The overall positioning error results are shown in Fig. 6. It is easily
got that, when the LED is deployed in the center of ceiling, 16.2 cm maximum positioning error and 2.1 cm minimum one
are achieved on the positions of (0.8 m, 0.8 m) and (0 m, 0.2 m) respectively, and 7.3 cm average positioning error is
obtained. However, when the LED is mounted on the edge of ceiling, the maximum and minimum positioning error become
33.4 cm and 8.5 cm respectively, and the average error is 19.1 cm. That indicates the NLoS light would influence the
scheme performance greatly, especially, when the receiver gets close to the wall. In addition, when the LED is mounted
on the wall, the worst performance is achieved. As observed in Fig. 6(c),
the average positioning error increases to 67.2 cm. Therefore, from the experimental results, we can find the
performance with the ceiling-mounted LED is better than the one with the wall-mounted case. Moreover, due to the
influence of the NLoS light, the performance at the edge of room is worse than the one in the center of room.
In the following, the impact of the receiver tilting on our scheme is discussed. This impact can be divided into two
aspects. One is the impact on RSS estimation, and the other is the one on AOA estimation. First, the former is
discussed. Due to the receiver (the PD) tilting, the incident angle
\psi\; in (1) is changed. That makes the
channel model inaccurate, so great positioning errors are achieved. In order to improve the channel accuracy, the
incident angle can be compensated based on the gyroscope measurements.
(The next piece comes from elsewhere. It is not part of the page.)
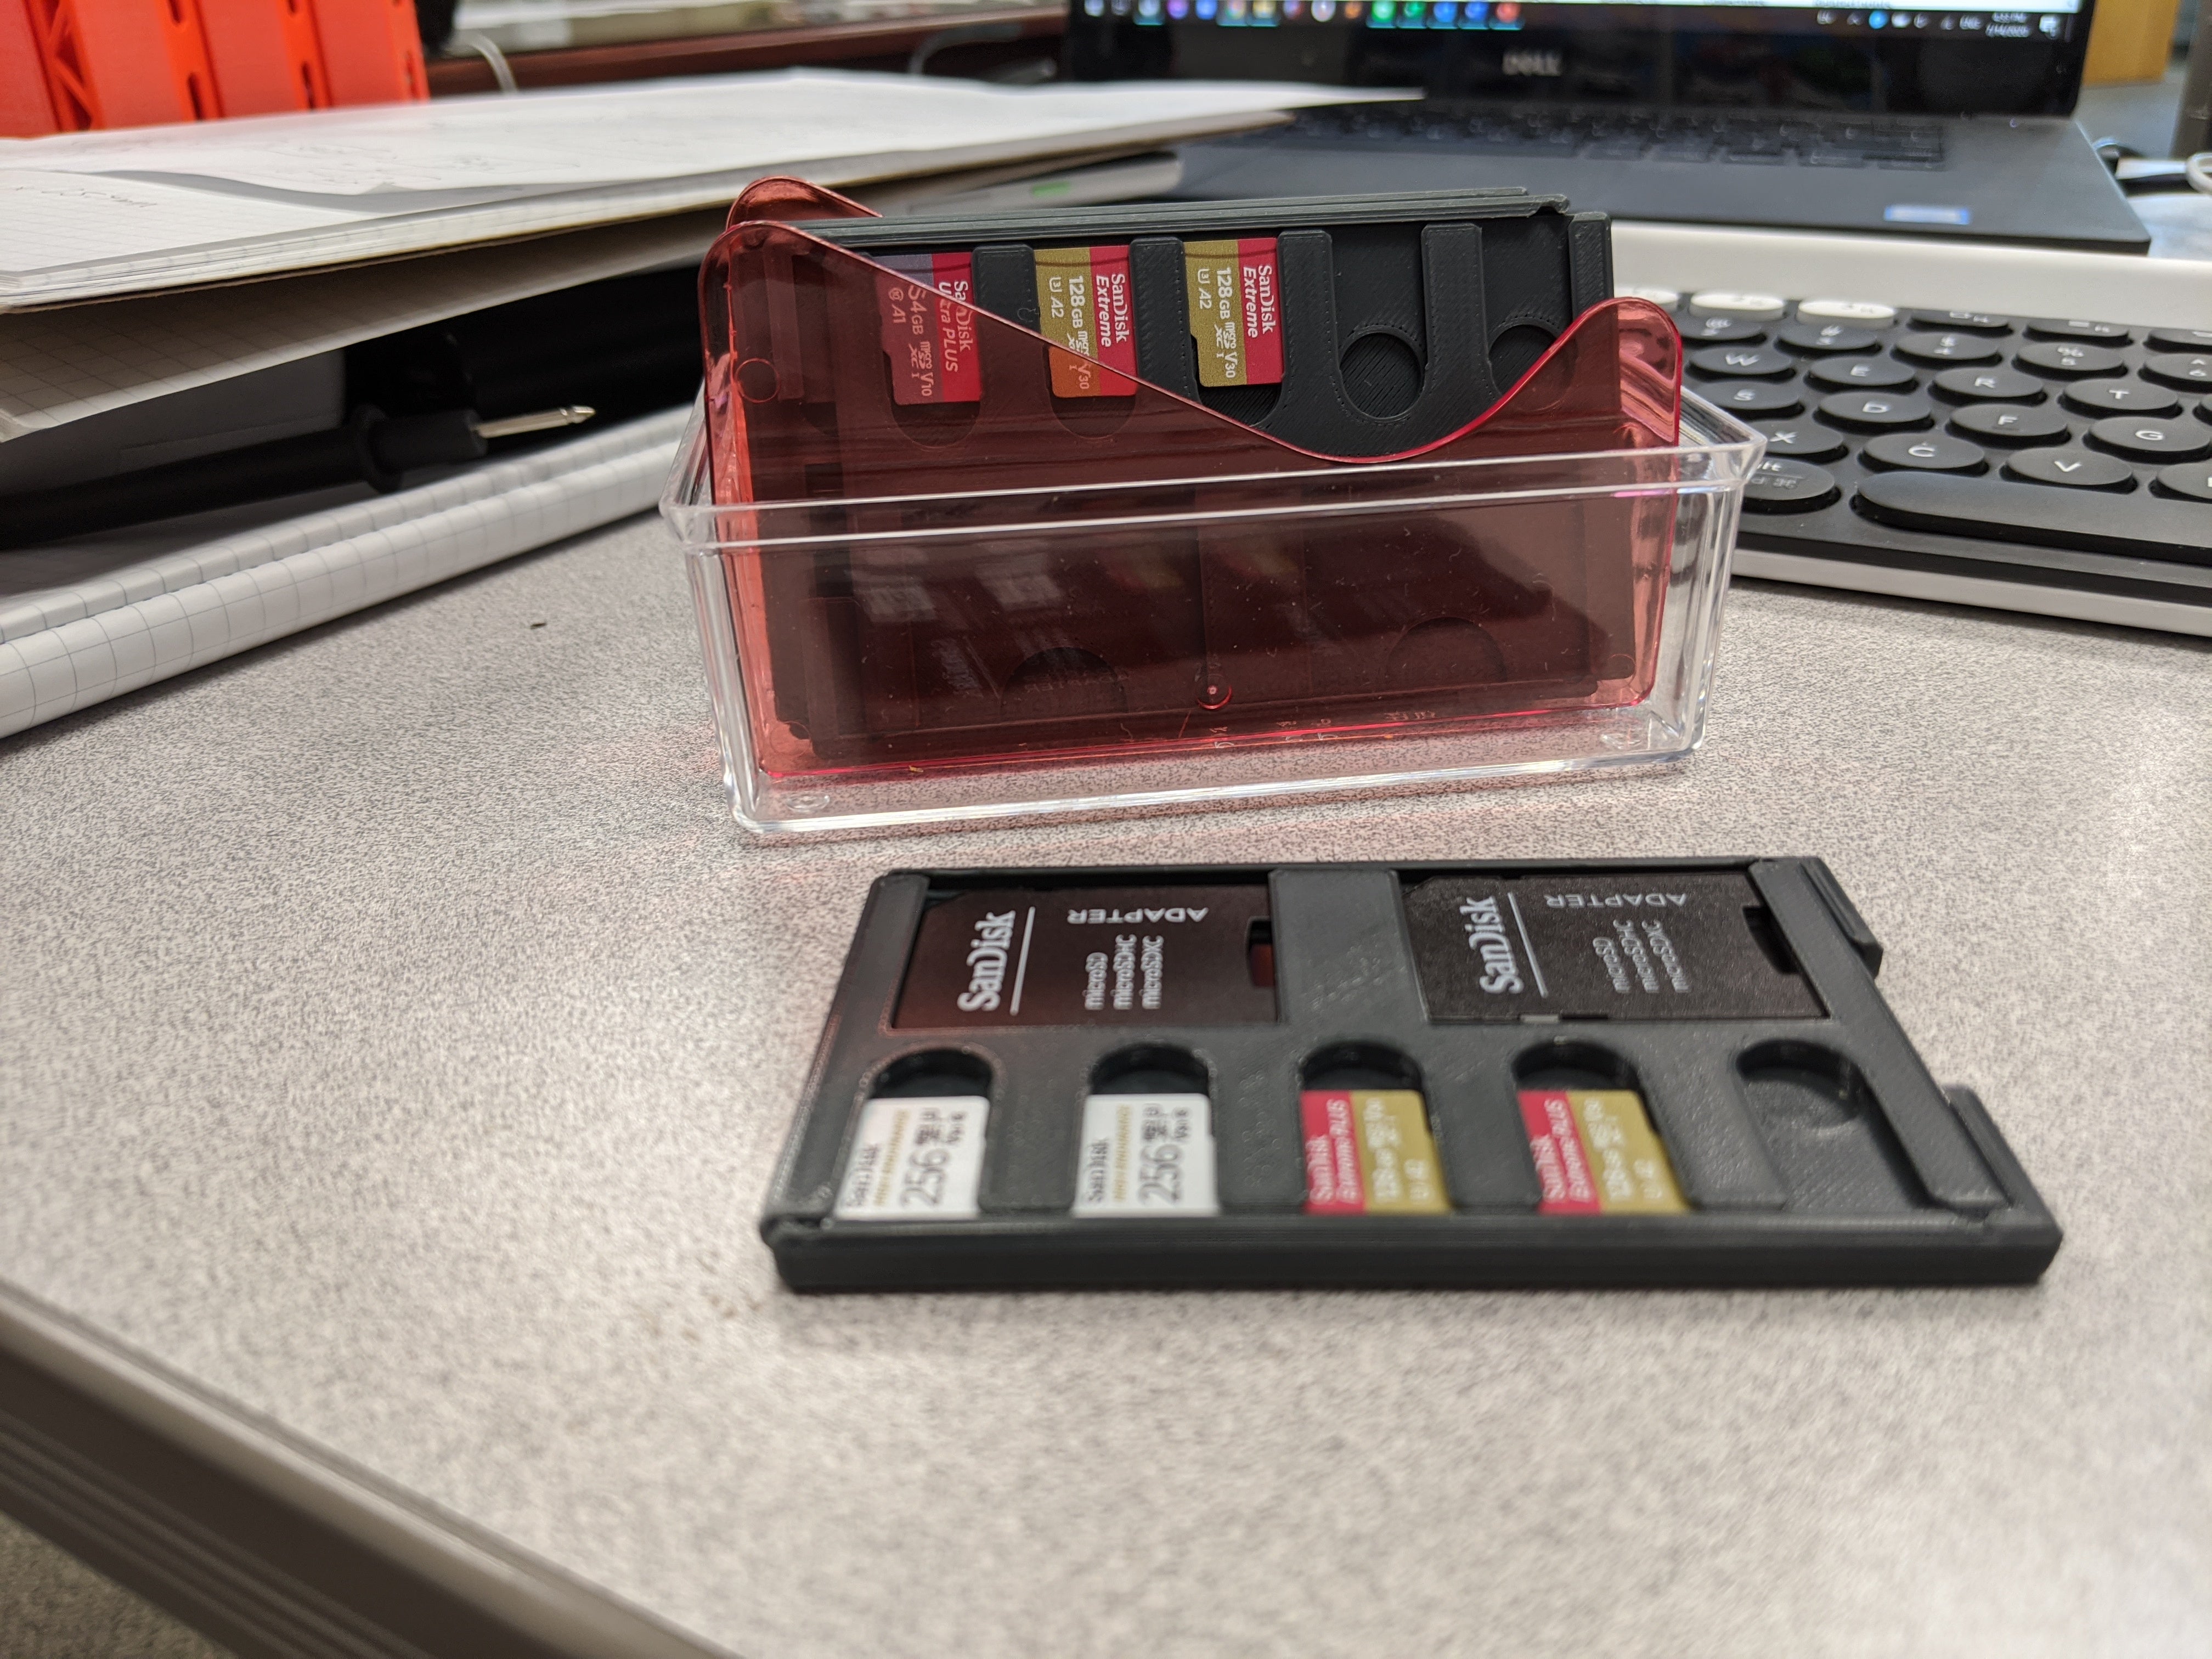 Estuche para tarjetas SD/MicroSD del tamaño de una tarjeta de crédito

Moreover, the high channel accuracy in the case
of the PD tilting has been demonstrated [11],
[12], [16]. Therefore, if the
influence of the NLoS light is neglected, the receiver tilting would have little influence on RSS estimation. In
addition, as for the impact on AOA estimation, the receiver tilting has little influence on the determination of the
projection center of the LED beacon to the image. Meanwhile, the gyroscope accuracy has no selectivity to the receiver
tilting angle. Therefore, the receiver tilting has also little influence on AOA estimation. Therefore, if the
influence of the NLoS light is neglected, the performance in the case of the receiver tilting would be similar with
the one in the case of the receiver horizontal.
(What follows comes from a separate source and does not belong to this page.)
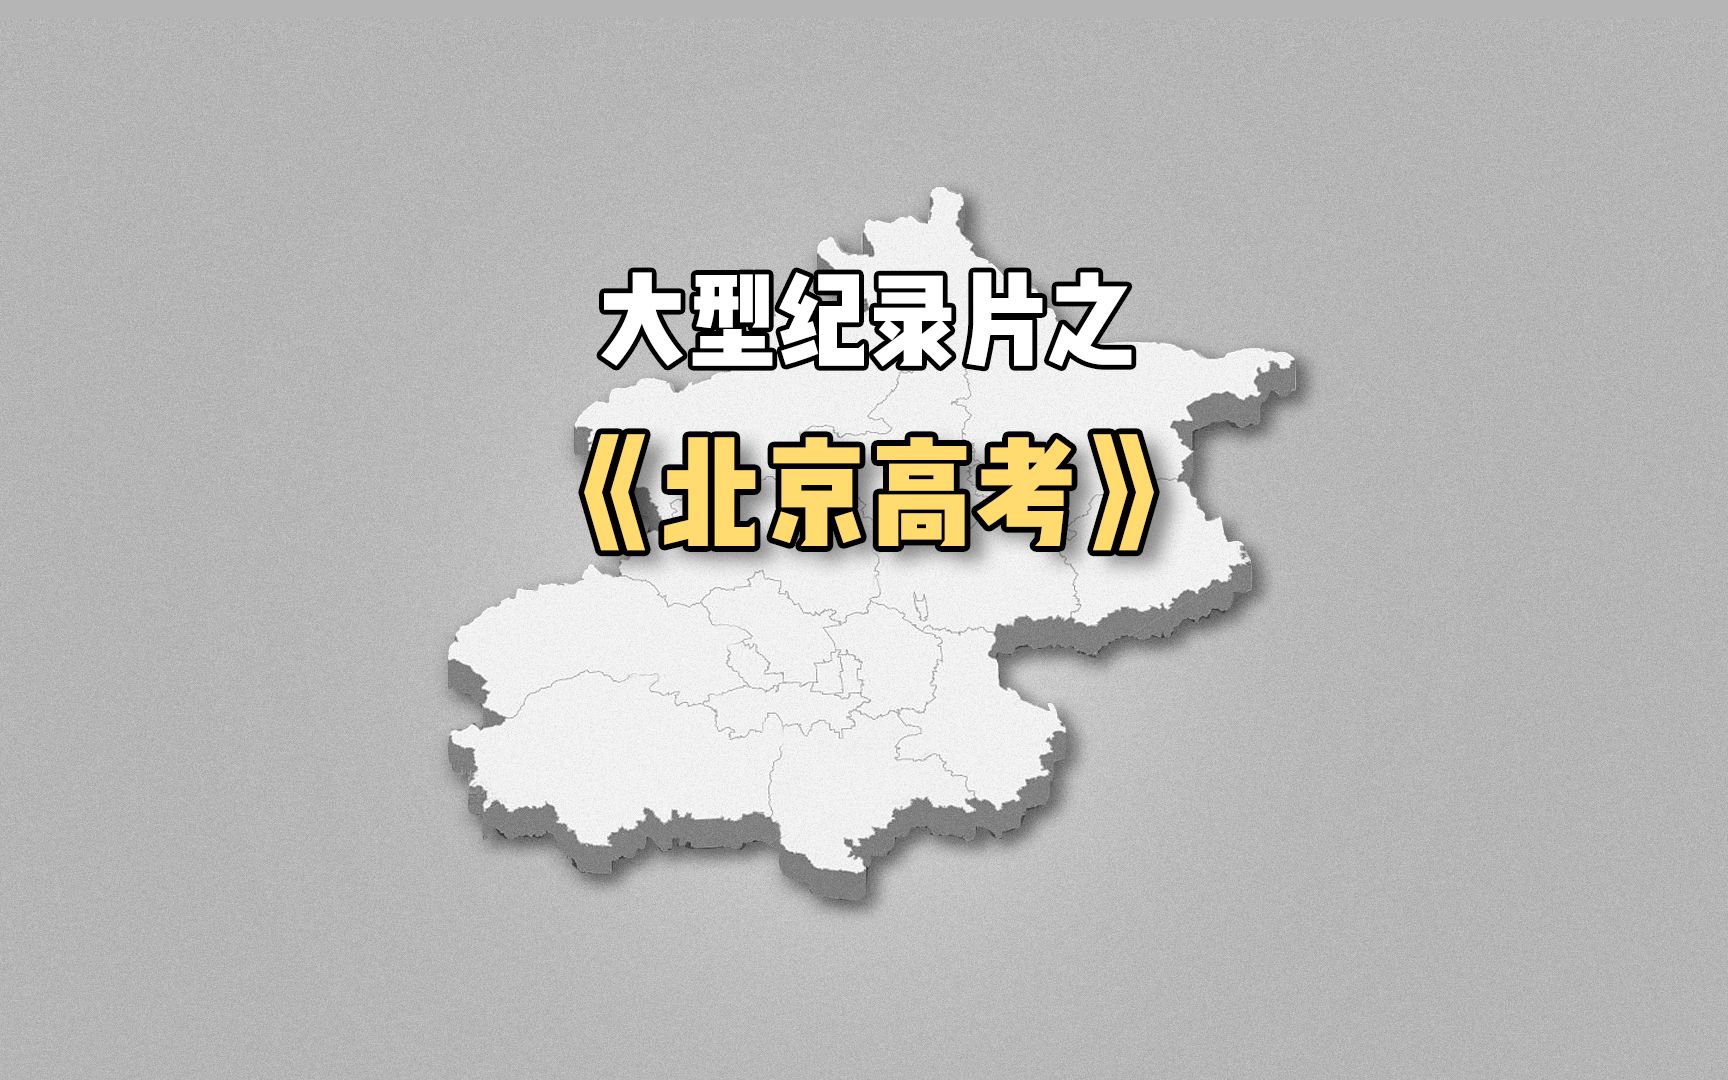 大型纪录片之《北京高考传奇》为您播出！

At last, the complexity of our scheme is discussed. Due to the use of a PD, an image sensor, and a gyroscope in our
receiver, the hardware complexity would be higher than other LPSs. However, our scheme is designed to be applied for
smartphones and these devices have been integrated in most of commercial available smartphones, so the hardware
complexity can be neglected. With respect to the software complexity, only one image captured by the image sensor in
our scheme is necessary in one positioning process no matter how many the beacon signal is, and therefore, the image
processing would be more simple than the image sensor-based LPS [10]. In
addition, the power consumption can be reduced by combining with the inertial navigation system (INS). That is, our
scheme only provide the target's original coordinates and calibration for INS.